• [WORK TO BE COMPLETED]:
Skipping any pictures, repeat exactly and only the lines from the one that holds "A1 Education" to the last line of the material, both included.

··· AVAILABLE DATA

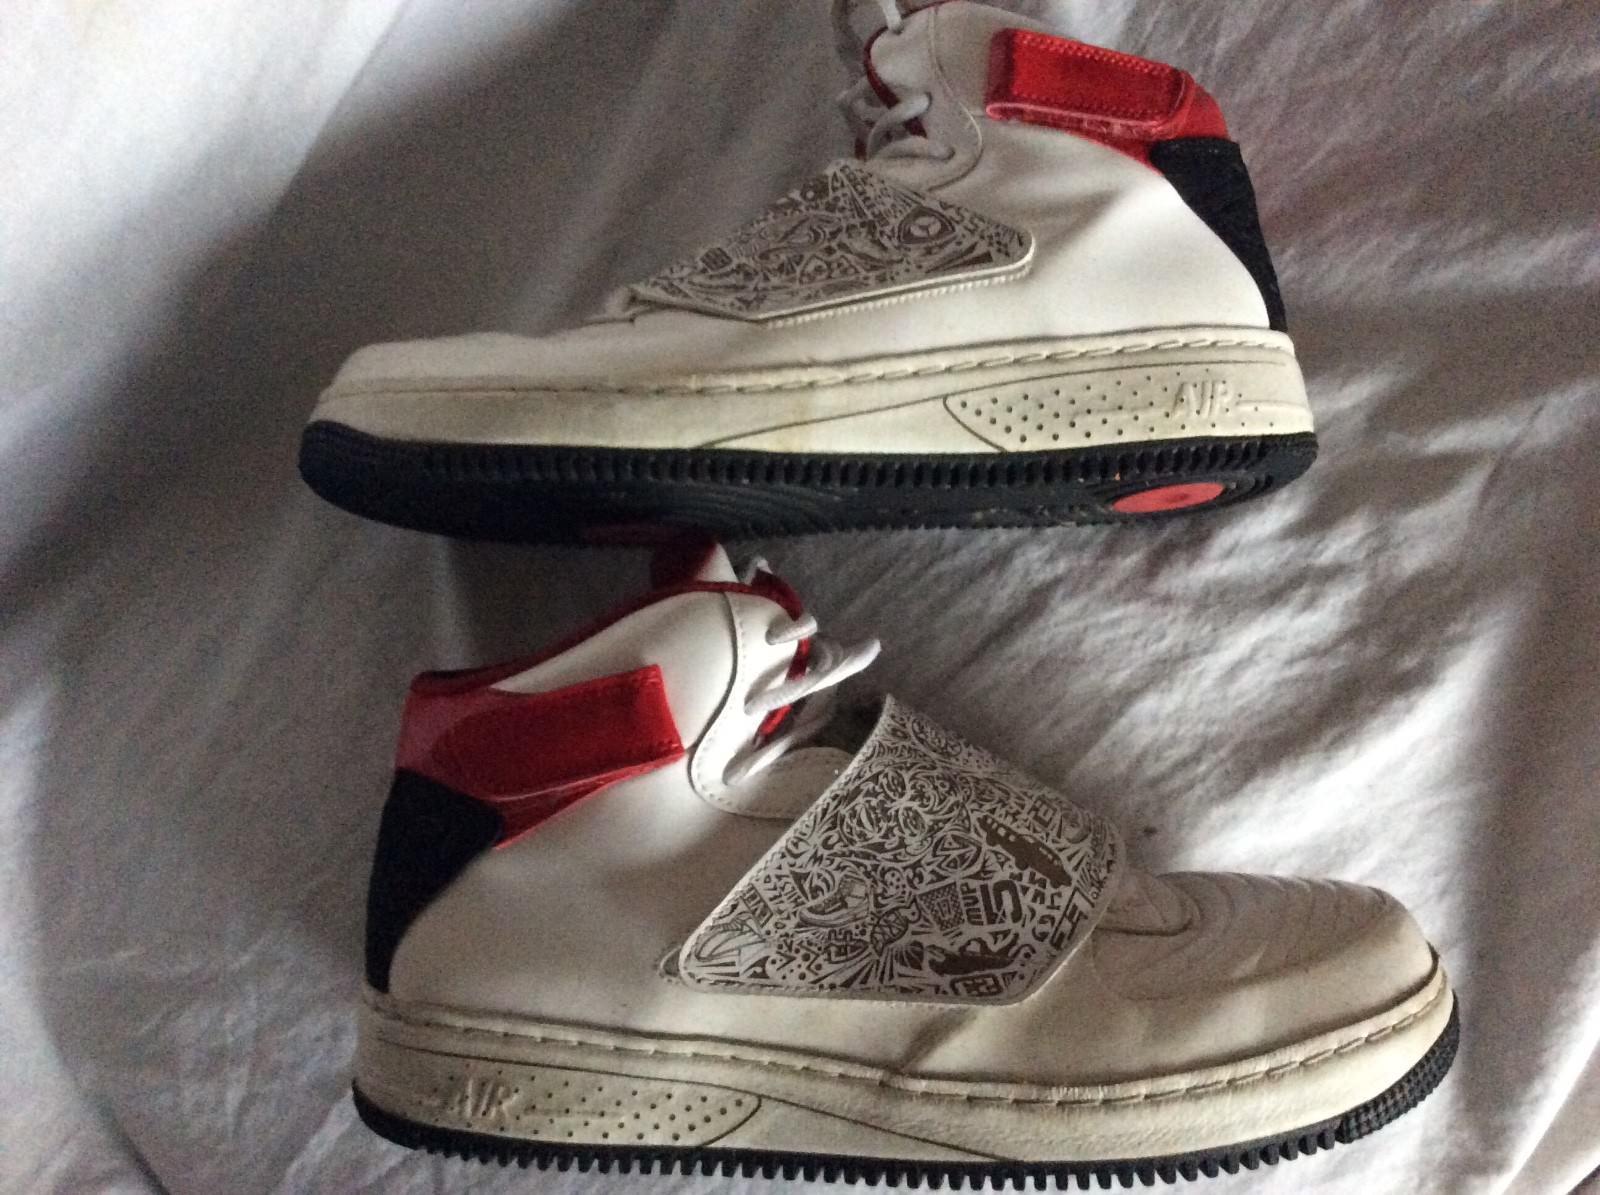 38126fe8a927 ... Nike Air Jordan Fusion AJF 20 White Red Black Shoes Sneakers 331823 101  U.S 13 ...
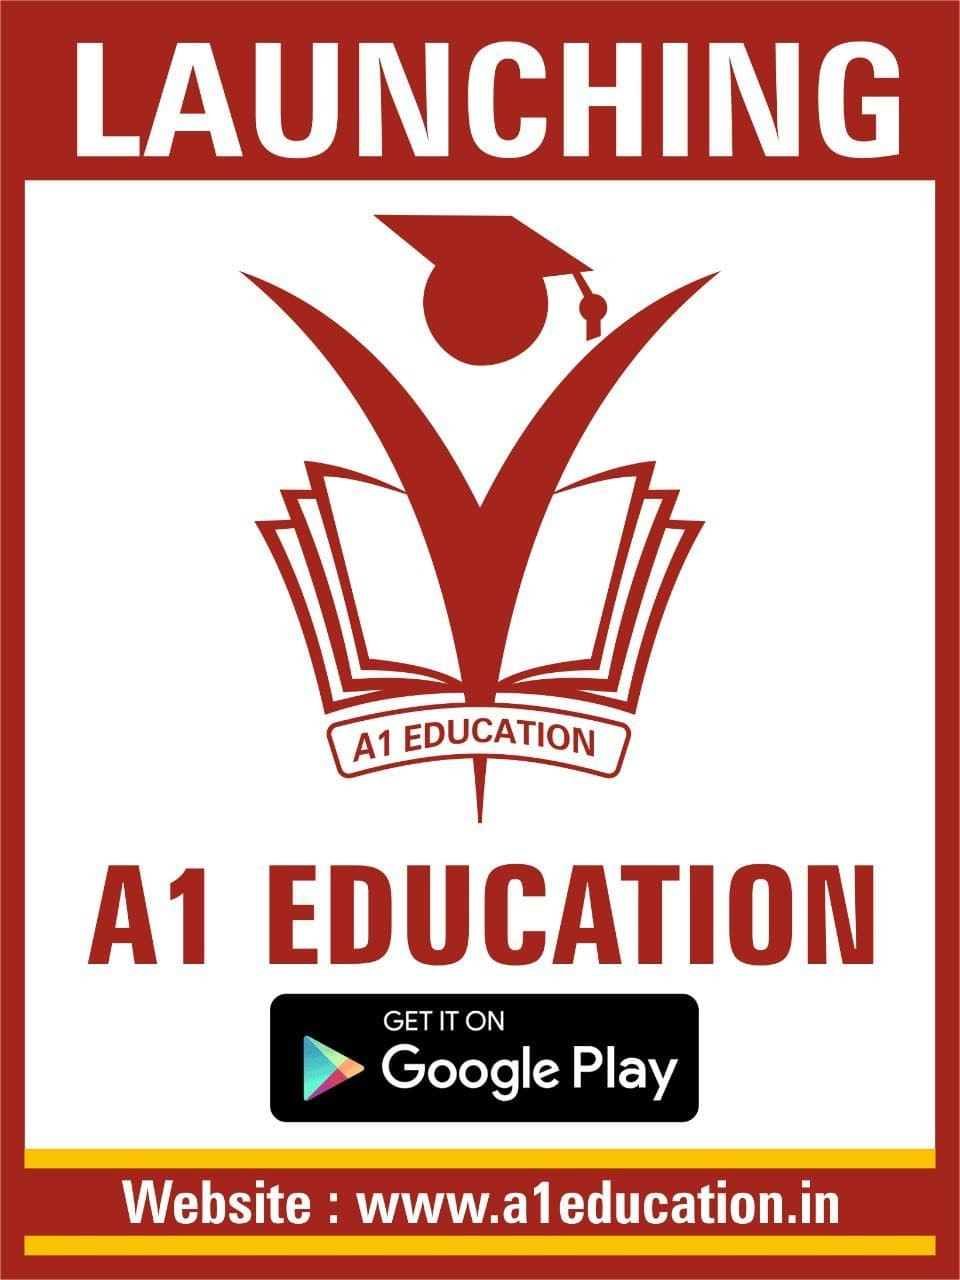 A1 Education
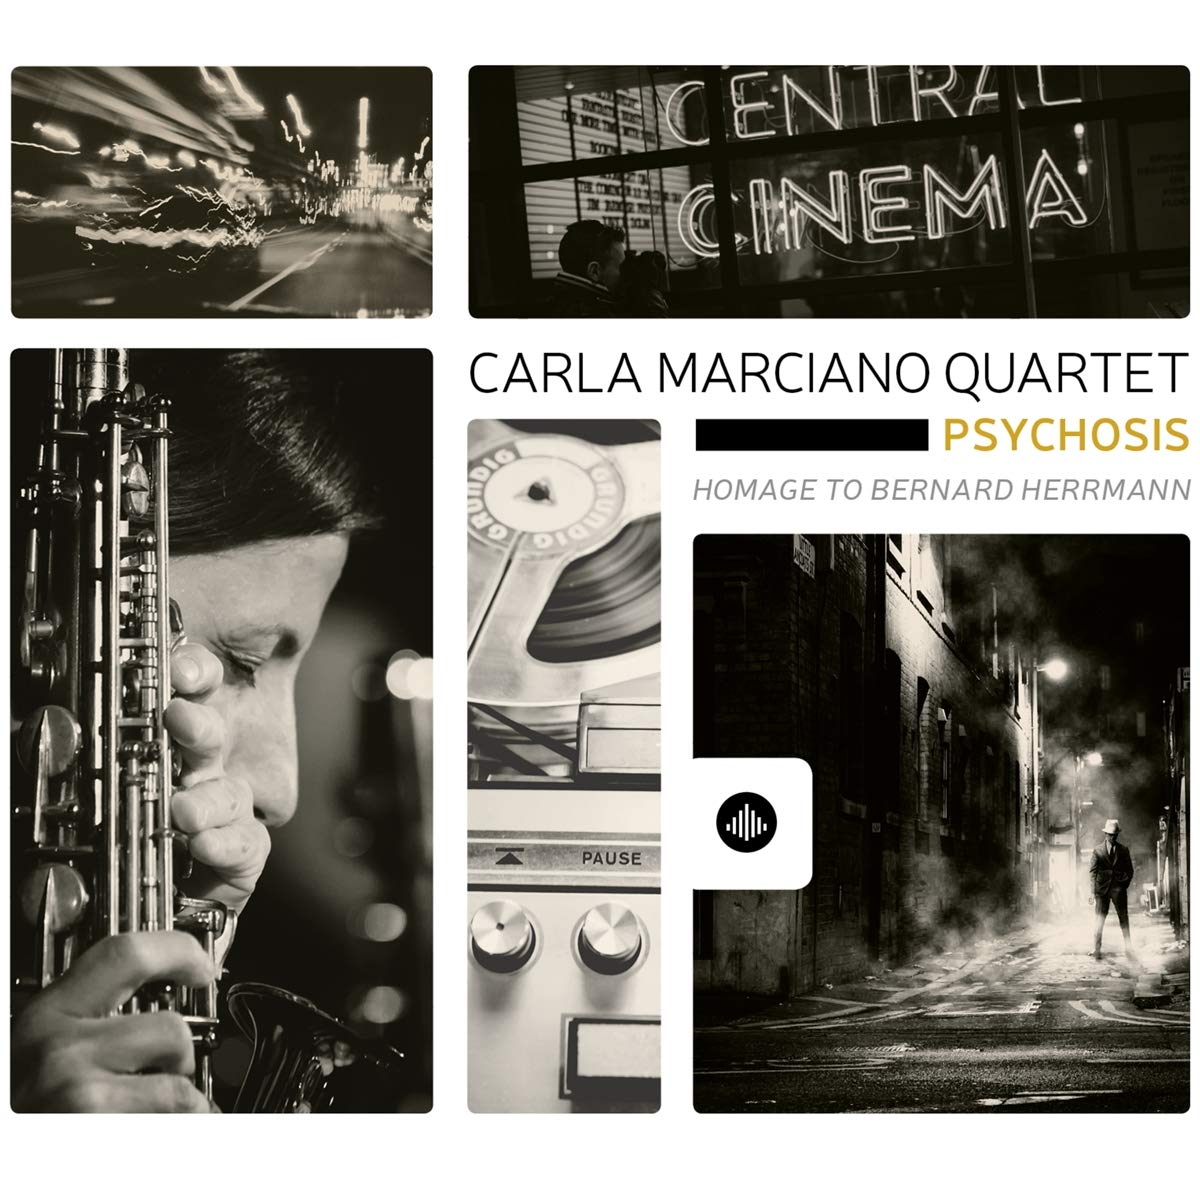 CARLA MARCIANO - Psychosis - Homage to Bernard Herrmann cover

······

• [WRITTEN SOLUTION]:
 A1 Education
 CARLA MARCIANO - Psychosis - Homage to Bernard Herrmann cover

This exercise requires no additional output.